La Confederación Hidrográfica del Guadiana ha decretado la demolición del embalse de arroyo Santa María en Pedroche ante el estado de la presa. «Está muy mal. Es un muro de ladrillos que se ha corrido por el movimiento de fango del pantano y hay un peligro serio de que pueda reventar», aseguraron fuentes del organismo.

Afirmaron, además, que el pantano no sólo representa un peligro latente, sino que además es ilegal y no está declarado en la Confederación. «El embalse no está registrado. Pero lo peor no es que no esté regularizado, lo más grave es el riesgo que representa para la zona. Si la presa revienta, la riada podría afectar a varias viviendas, a las explotaciones agroganaderas, a la ermita de Piedras Santas, e incluso a algunos puentes que cruzan el cauce», explicaron desde la Confederación del Guadiana.

El alcalde de Pedroche, Santiago Ruiz, no se mostró muy proclive a la demolición. «El área en la que se encuentra esta presa está protegida y si la demolemos generaríamos un problema medioambiental. Por otro lado, creemos que la riada no tendría unas consecuencias tan nefastas porque ya ha habido otras en la zona y nunca ha pasado nada. El único problema sería que el cauce del arroyo está sucio, pero el embalse no supone ningún peligro», matizó Ruiz.

Cabe recordar que el organismo de aguas interpuso una primera multa al Consistorio de 15.000 euros por la ilegalidad de la presa. Si la demolición la llevara a cabo la Confederación, el Ayuntamiento tendría que pagar otros 28.000 euros.

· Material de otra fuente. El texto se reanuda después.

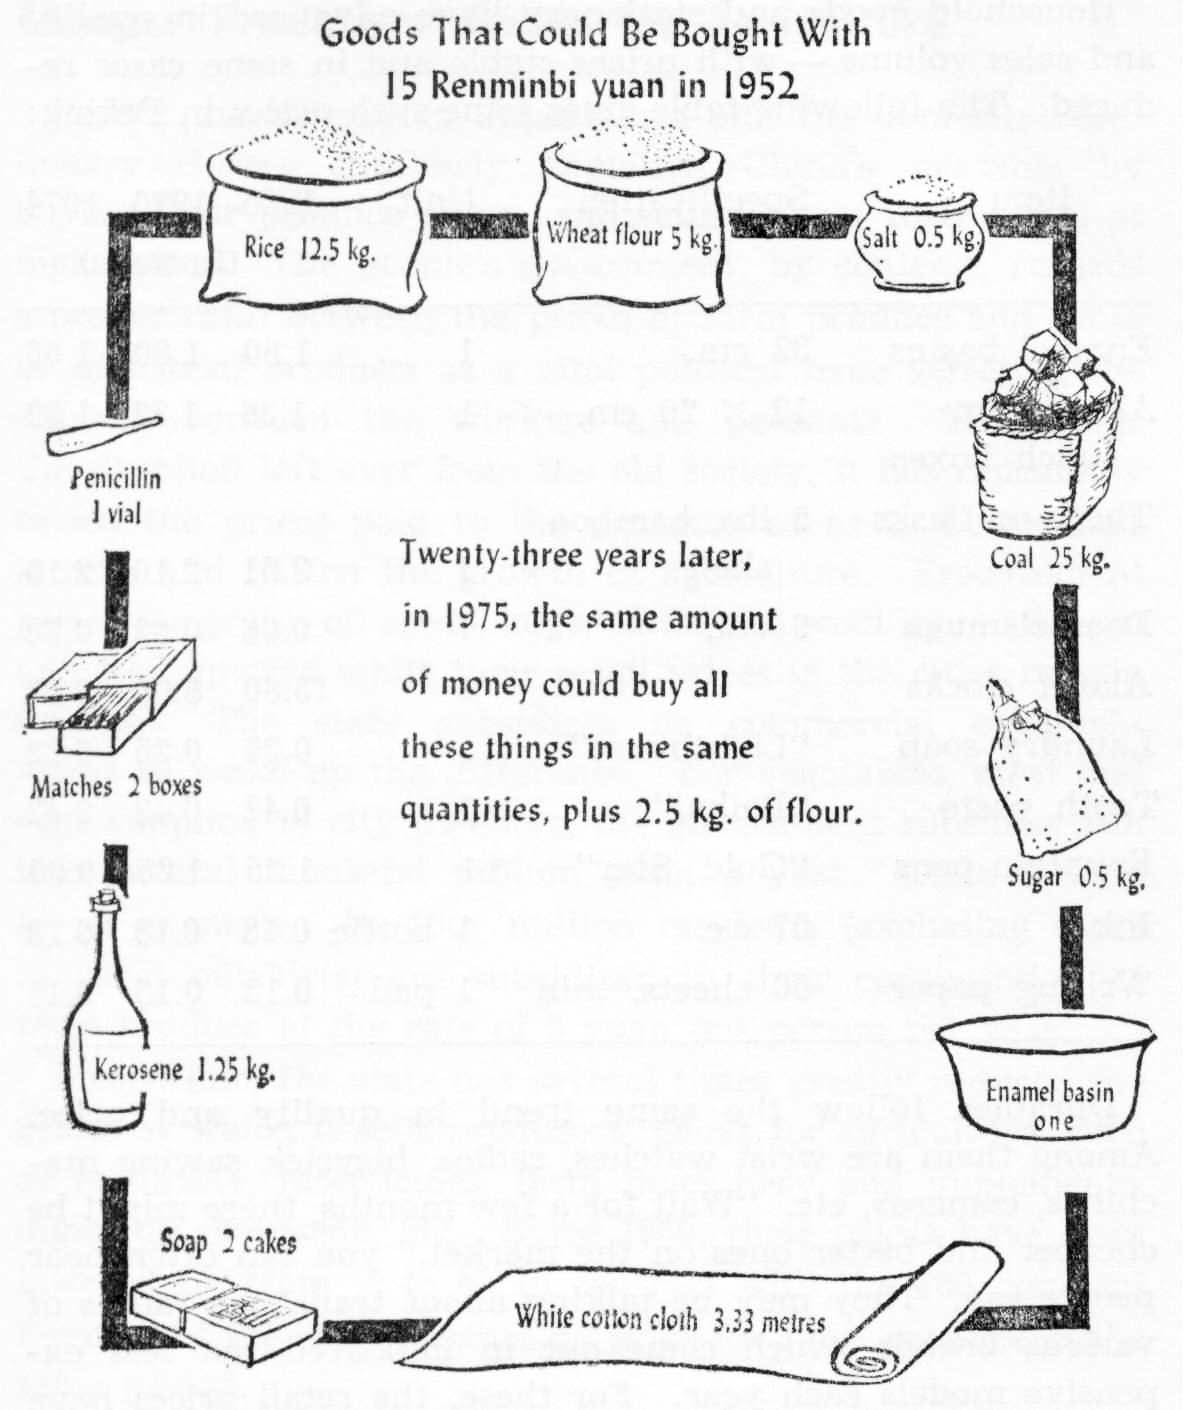 Goods That Could Be Bought With 15 Renminbi yuan in 1952.jpg

http://hispagua.cedex.es/documentaci...rensa&id=19609

----------


## ben-amar

> La Confederación Hidrográfica del Guadiana ha decretado la demolición del embalse de arroyo Santa María en Pedroche ante el estado de la presa. «Está muy mal. Es un muro de ladrillos que se ha corrido por el movimiento de fango del pantano y hay un peligro serio de que pueda reventar», aseguraron fuentes del organismo.
> 
> Afirmaron, además, que el pantano no sólo representa un peligro latente, sino que además es ilegal y no está declarado en la Confederación. «El embalse no está registrado. Pero lo peor no es que no esté regularizado, lo más grave es el riesgo que representa para la zona. Si la presa revienta, la riada podría afectar a varias viviendas, a las explotaciones agroganaderas, a la ermita de Piedras Santas, e incluso a algunos puentes que cruzan el cauce», explicaron desde la Confederación del Guadiana.
> 
> El alcalde de Pedroche, Santiago Ruiz, no se mostró muy proclive a la demolición. «El área en la que se encuentra esta presa está protegida y si la demolemos generaríamos un problema medioambiental. Por otro lado, creemos que la riada no tendría unas consecuencias tan nefastas porque ya ha habido otras en la zona y nunca ha pasado nada. El único problema sería que el cauce del arroyo está sucio, pero el embalse no supone ningún peligro», matizó Ruiz.
> 
> *Cabe recordar que el organismo de aguas interpuso una primera multa al Consistorio de 15.000 euros por la ilegalidad de la presa. Si la demolición la llevara a cabo la Confederación, el Ayuntamiento tendría que pagar otros 28.000 euros.
> *
> http://hispagua.cedex.es/documentaci...rensa&id=19609


¡es que siempre toca, si no un pito, una pelota! :Big Grin:

----------


## perdiguera

¿quién la ha hecho? ¿cuando? ¿con qué permiso? todo sin respuesta. En este país aún funcionan las cosas así.

----------


## Chusa

quien nos podria poner fotos antes de que pase a la historia

----------


## corcobada

Veamos por donde empiezo. Bueno la presa de Santa Maria o el pantanillo de Santa Maria es un pantano que se contruyo hace ya por lo menos 30 años para regar el campo de Golf de Pozoblanco. Ese pantano está en Pozoblanco que dista de Pedroche unos 18 kilometros. Ese pantano es actualmente coto de pesca de ciprinidos (el único en la provincia de Córdoba) y lo gestiona el Ayuntamiento de Pozoblanco. Es un pantano muy querido por los lugareños y es que es el unico lugar que han tenido durante muchos años para pescar. Este pantano se construyo con permisos de Andalucía quien aprobo su construcción. Al ser un arroyo que vierte su aguas en la vertiente del Guadiana pertenece a la Gestión de esa cuenca y la administracion de la confederacion del Guadiana se da cuenta ahora treinta y tantos años despues. El tema es que quieren pillar cacho y no saben como. Como el Ayuntamiento se opone al derribo pues se ha creado este conflicto. El club de pesca de Pozoblanco y yo si hace falta me ataria con cadenas pues no tienen argumento alguno para la destrucción de tal pantanillo. Si bien es cierto que pierde algo de agua pero para nada pone en peligro a nadie ni a nada. Se le ha estado soltando agua sin necesidad con el argumento que el arroyo no puede quedar seco. El arroyo nace alli mismo y no interfiere para nada en el caudal del mismo pues es un arroyo muy pequeño que recibe aguas mas abajo del pantanillo. Solo tienen ganas de dar por **** pues ese arroyo en ese lugar solo corre cuando llueve de la poca agua que lleva y el pantano esta lleno es decir que cuando llueve corre el arroyo. 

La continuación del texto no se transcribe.